Statistical testing will be performed for the outcome of overall survival for select comparison groups. The survival analyses are exploratory in nature and statistical testing will be performed only if there are at least 50 patients in each group. Survival analyses will adjust for covariates. Due to the limited number of patients expected in some of the subgroups, only 5-10 covariates will be included in the models to avoid overfitting the data. The following demographic covariates will be included in all statistical models: patient age, sex, health plan type, geographic region, and Deyo Comorbidity Index score [10]. Additional potential covariates to be included in each model will be selected according to their bivariate statistical significance (P<.05) with the outcome. These potential covariates include disease stage at initial diagnosis, smoking status, race/ethnicity, body mass index, and date of first diagnosis. No adjustment will be made for multiple testing.
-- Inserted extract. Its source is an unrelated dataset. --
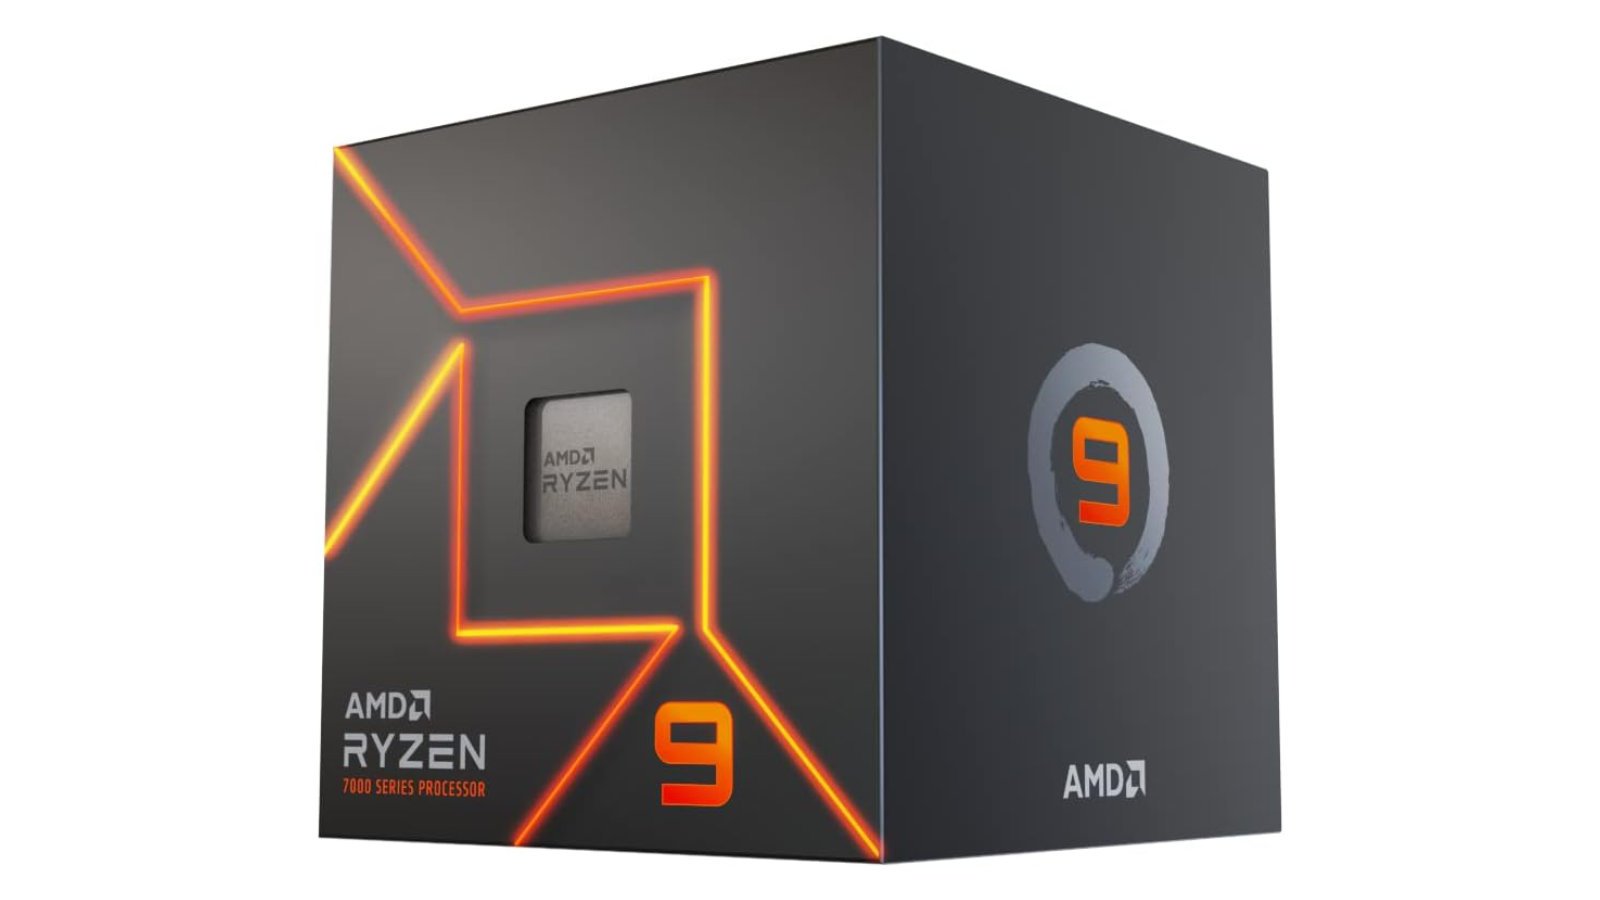 AMD Ryzen 9 7900 CPU product retail packaging.

Interim analyses for the descriptive/noncomparative endpoints are planned at semi-annual intervals through 2018. These descriptive data may be useful to inform the development of new trials or may be informative as to the changing nature of NSCLC care during the study period.

Discussion

Principal Considerations

Observational research can provide highly generalizable data and can be used to conduct comparative effectiveness research as a complement to RCTs [11]. When designed appropriately, data from retrospective sources can be used to address scientific questions in a timely and cost-effective manner. The RESOUNDS study has been designed to address complex questions in the care of patients with NSCLC during a time where treatment strategies are changing and evolving. Rather than predefine the sequences of interest, this study will examine how physicians are treating patients and the outcomes associated with these sequences. As with observational study designs, these data will result in hypothesis-generating rather than definitive results from a priori hypotheses. However, these data may be used to guide the development of future RCTs, to better understand the optimal sequences, and to inform evidence-based medicine. At this time, little is known about the sequence of care for NSCLC, and this study will provide a robust dataset from which to address these and future research questions.

Limitations

Limitations of these data may include undercollected or missing data. For example, ECOG performance status, while a standard data item in cancer RCTs, is not routinely collected in patient care settings and may not be available for all patients. Similarly, tumor growth and progression is not commonly defined per RECIST criteria outside of a clinical trial setting and may not be applied to all imaging reports. Therefore, some of the research questions of interest may have underpopulated data. Similarly, while PD-L1 status may be an important research question, it is not currently being evaluated in the majority of NSCLC patients. This may result in a relatively small population that cannot be statistically compared or may result in the inability to evaluate patient outcomes by PD-L1 status. Therefore, as the data are not known until the time of analysis, no adjustments will be made to any study objective and no imputations will be made for missingness. As the comparative analyses are largely exploratory in nature, these will be conducted only if there is a sufficient sample with complete data.

Conclusion

The RESOUNDS cohort study is a novel approach to building a comprehensive dataset that mimics a prospective observational study using real-world data sources. This study will provide timely information on the sequencing of treatments for patients with NSCLC.